Thanks for this entire reflection, Charlie! Your insights cast a slant of light across a lifelong conundrum that I can't help but keep at the forefront of my teaching, my creative life, and my relationships...or try to. I keep working at it--it's all I know to do--imperfect though my attempts may be.
I keep coming back to this:
"When we believe our reality is reliable and our neighbor’s is not, we’re likely to end up at epistemic closure....This is where the door of communication shuts, and competing realities can no longer engage in dialogue (unless the individuals involved are inquisitive, respectful, empathetic, and willing to keep knocking and talking)."
"When we believe our reality is reliable and our neighbor's is not...the door of communication shuts."
While there may not always be a way to open a shut door, I find I can't stop wanting communication, a door cautiously opened just a crack by curiosity that invites us to to lean in and listen, to experience a spark of wonder in another person. The simple question, "What's it like in your world?" is all we need to start, yet what a dangerous question that is when we feel so protective or our own constructed and fought for realities.
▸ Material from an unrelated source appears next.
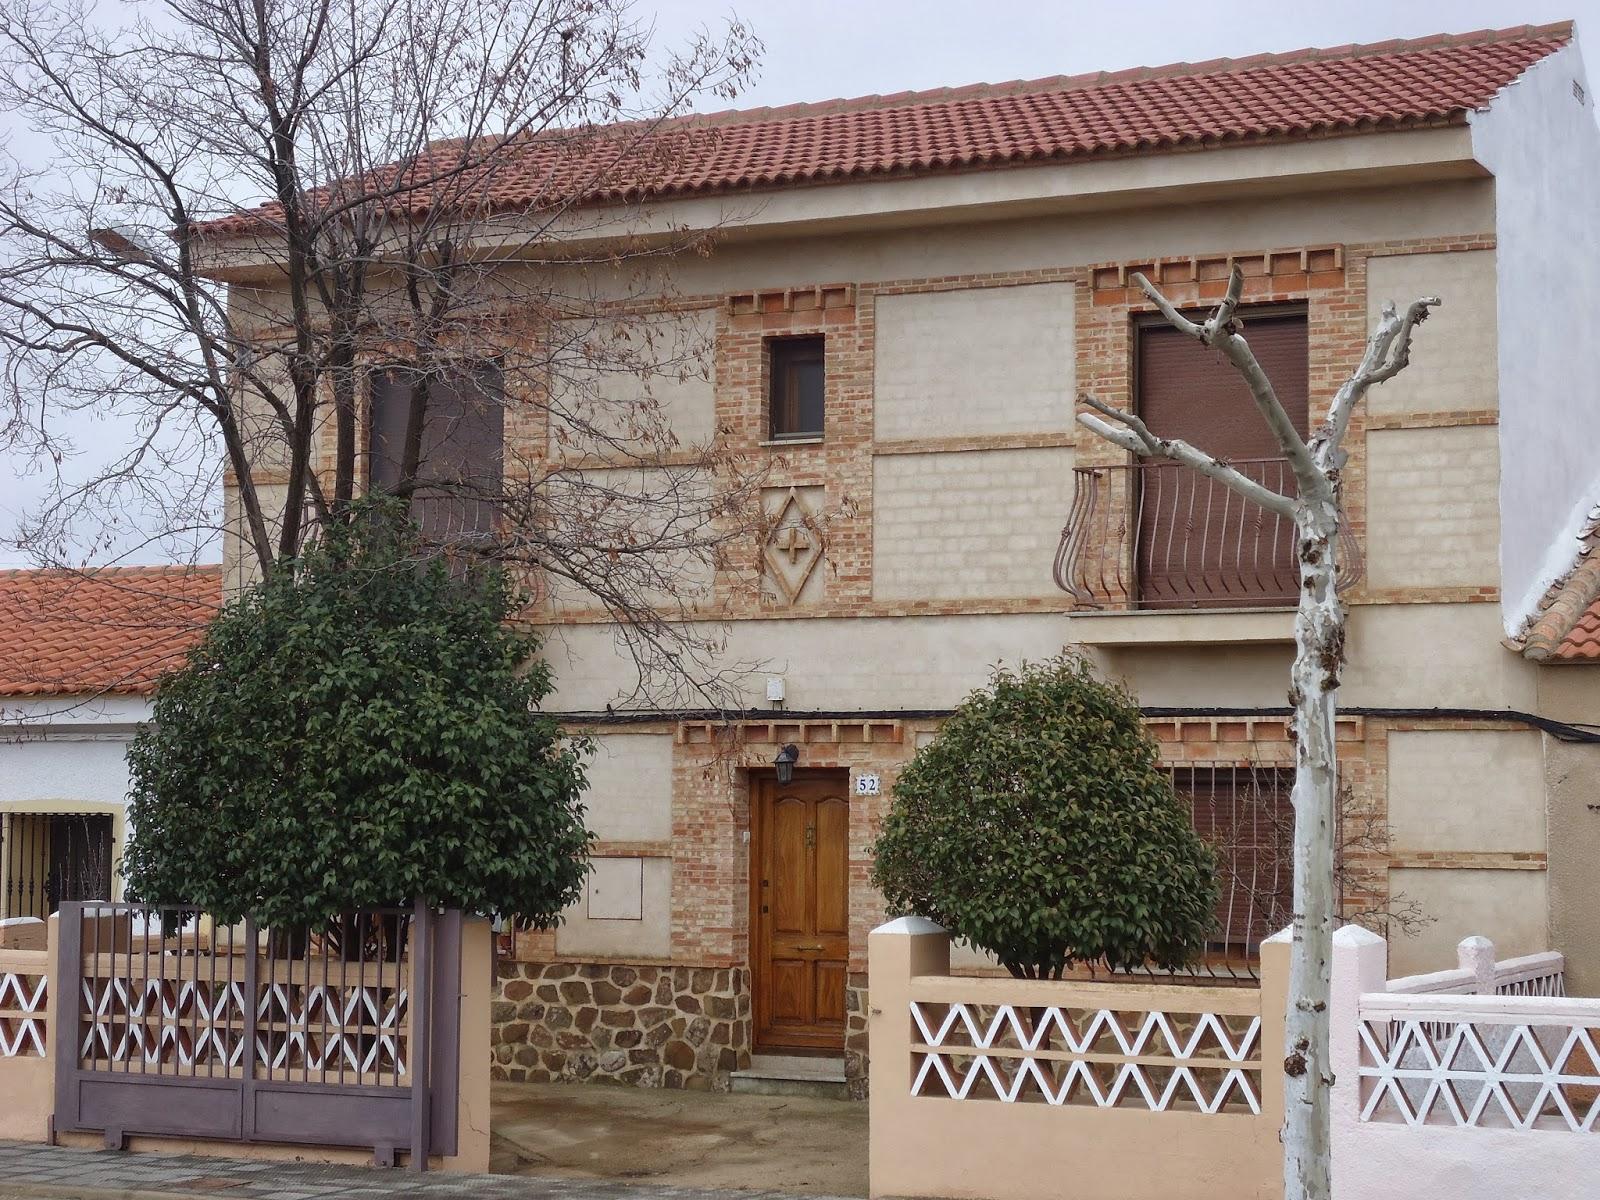 Fachadas de ladrillo rustico fotos good fachada de pisos con ladrillos rsticos with fachadas de - Fachadas ladrillo rustico ...

I think of pieces I've been impacted by and have sometimes had conversations about with my students that continue to inform how I live. Fran Peavey's "Us and Them." Chimamanda Adichie's "The Danger of a Single Story." Celeste Headlee's "10 Ways to Have a Better Conversation." J.R. Jamison's memoir "Hillbilly Queer" and his wonderful community building work through The Facing Project.
I think, too of Thomas Merton and his experience in Louisville, recognizing "that we could not be alien to one another even though we were total strangers" and the yearning I feel every time I read the sentence, "There is no way of telling people that they are all walking around shining like the sun."
Yet we are all, each of us, all the time, "walking around shining like the sun."
Thanks for your added perspective, and for framing with language that helps me better understand this present moment while working, always, for ways to build community, keep the doors open when I can.